The Impact of socio-political, geographic, ecological and climate factors on NTD epidemiology, and the difficulty of treatment and control in rapidly expanding and complex urban settings, exemplify other major challenges. Can the health community respond to rapidity of change in epidemiology? Can new products be introduced and resourced in sufficient time to make an impact as WHO impose rigorous requirements before recommending introducing new policies to treat or control infectious organisms and vectors? Many organisms have the capacity to respond to selective pressures faster than any policy response. This makes policy guidance and implementation of that policy behind the curve of what is critically needed should problems such as resistance occur.

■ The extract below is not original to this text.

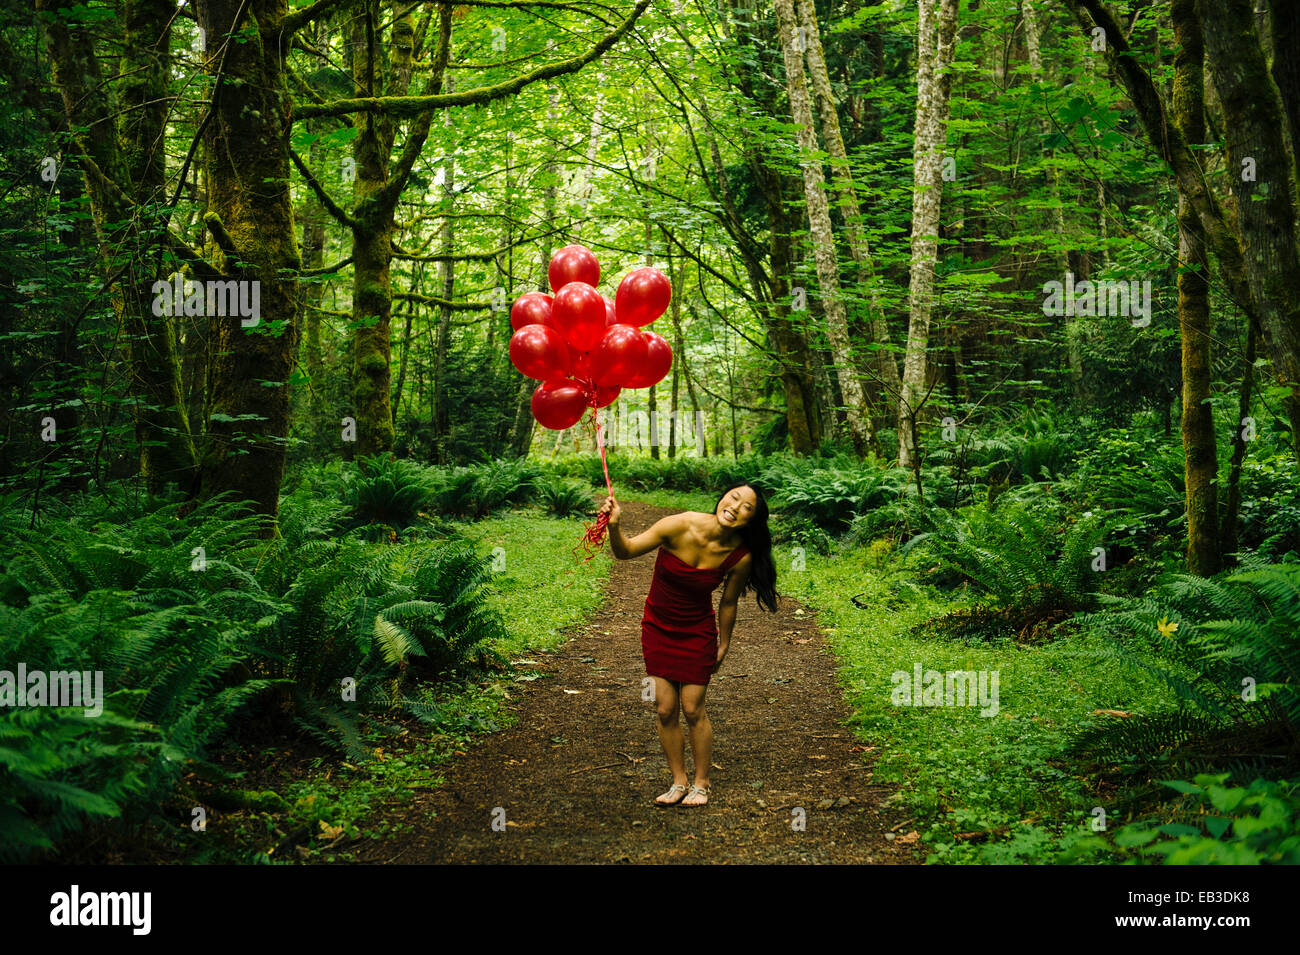 Korean woman holding red balloons dans une forêt luxuriante Banque D'Images

It is important that endemic countries are aware of the problems NTDs pose to their populations and the economic and social benefits that accrue from implementing recommended WHO strategies. The value and leverage provided by drug donations of NTD drugs and the low delivery costs, often at less than 0.50 US$/annum, provide a huge opportunity to provide essential drugs valued at 2-3 BILLION US$/year, given that delivery costs represent a small percentage of per capita national health expenditure even for the poorer countries which have the highest burden of NTDs.
One of the challenges within countries is working with other compatible programmes, e.g. malaria and vector control in Africa for filariasis; HIV/AIDS and schistosomiasis. There are significant opportunities for programme synergies, e.g. with polio for surveillance and laboratory diagnosis; bed nets for malaria and lymphatic filariasis; impact of improved WASH on NTDs (trachoma and Guinea worm); hence there is a need to greater appreciate the benefits of linking country programmes. For example, how can we engage the WASH and Education sectors for STH and schistosomiasis to play a key role in the provision of services and drug distribution via schools; similarly, for rabies control via dog vaccination - who pays, the health or the veterinary sector?